Recommendation First

If you just want the recommended public path:

  • use kayak.open_text_retriever(...) when your app starts from text
  • use kayak.query(...) plus kayak.documents(...).pack() when you already own token vectors
  • reuse one loaded or packed LateIndex when many queries hit the same slice
  • use kayak.search_batch(...) for repeated-query throughput on that same index
  • use kayak.search(...) when you only need top-k hits
  • use kayak.maxsim(...) only when you actually need the full score vector

Current low-level fast path, as implemented:

  • kayak.search(...) or kayak.search_batch(...)
  • backend=kayak.MOJO_EXACT_CPU_BACKEND
  • packed index layout
  • nested query layout

That is why the docs should push users toward index reuse and batch search rather than backend-specific application primitives.

Choose The API Shape

Use one retriever object:

  • kayak.open_text_retriever(...)
  • retriever.upsert_texts(...)
  • retriever.search_text(...)
  • retriever.search_text_batch(...) for repeated query traffic

Choose this when your application inputs are plain text and you do not want to manage encoder and store objects separately.

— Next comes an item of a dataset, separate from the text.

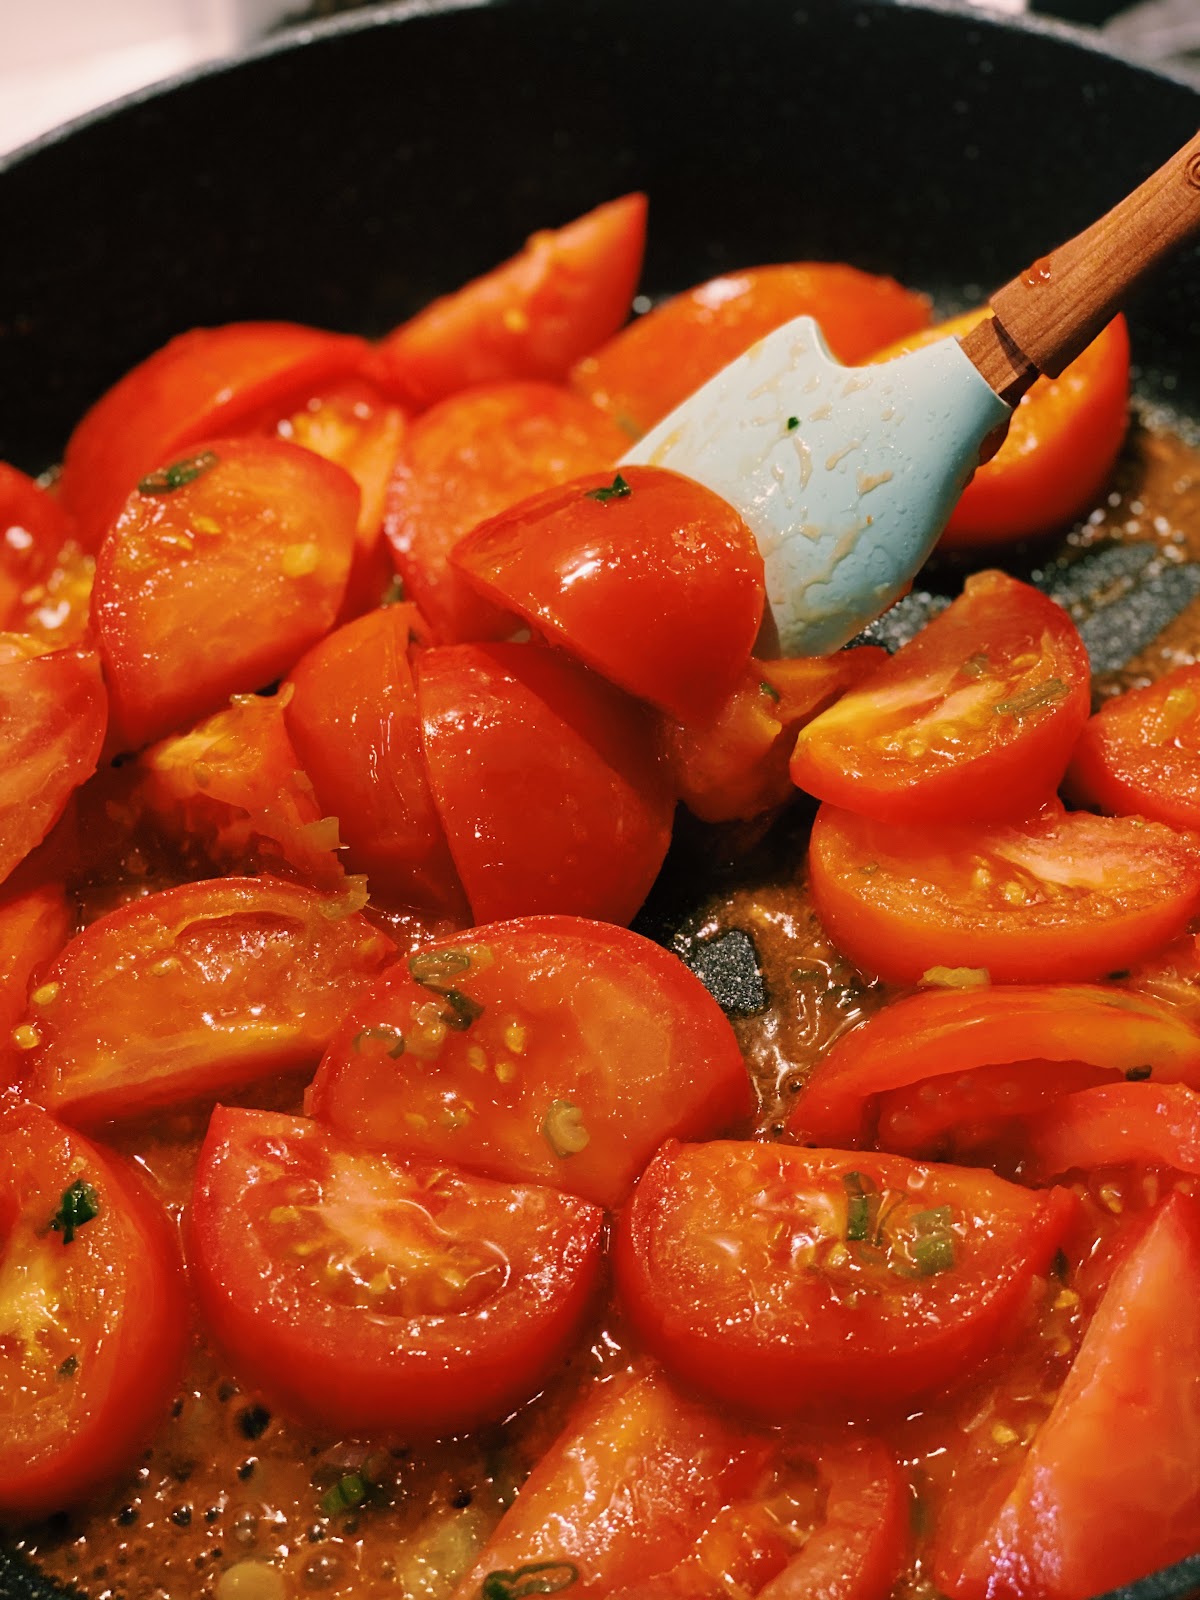 Tomato and Egg Stir-Fry

Use the low-level exact search surface:

  • kayak.query(...)
  • kayak.documents(...).pack()
  • kayak.search(...)
  • kayak.search_batch(...) when the same index serves many queries

Choose this when your application already owns token-level query and document vectors.

Keep the database for persistence and let Kayak materialize the searchable slice:

  • kayak.open_store(...)
  • store.load_index(...)
  • kayak.search(...) or kayak.search_batch(...)

Choose this when LanceDB, PgVector, Qdrant, Weaviate, or Chroma is already part of your system.

Use an explicit search plan:

  • kayak.exact_full_scan_search_plan(...)
  • kayak.document_proxy_search_plan(...)
  • kayak.search_with_plan(...)

Choose this when you need stage accounting, candidate windows, or exact reranking after an approximate first stage.

Use this when your application starts from text and you want one SDK object for ingest plus retrieval.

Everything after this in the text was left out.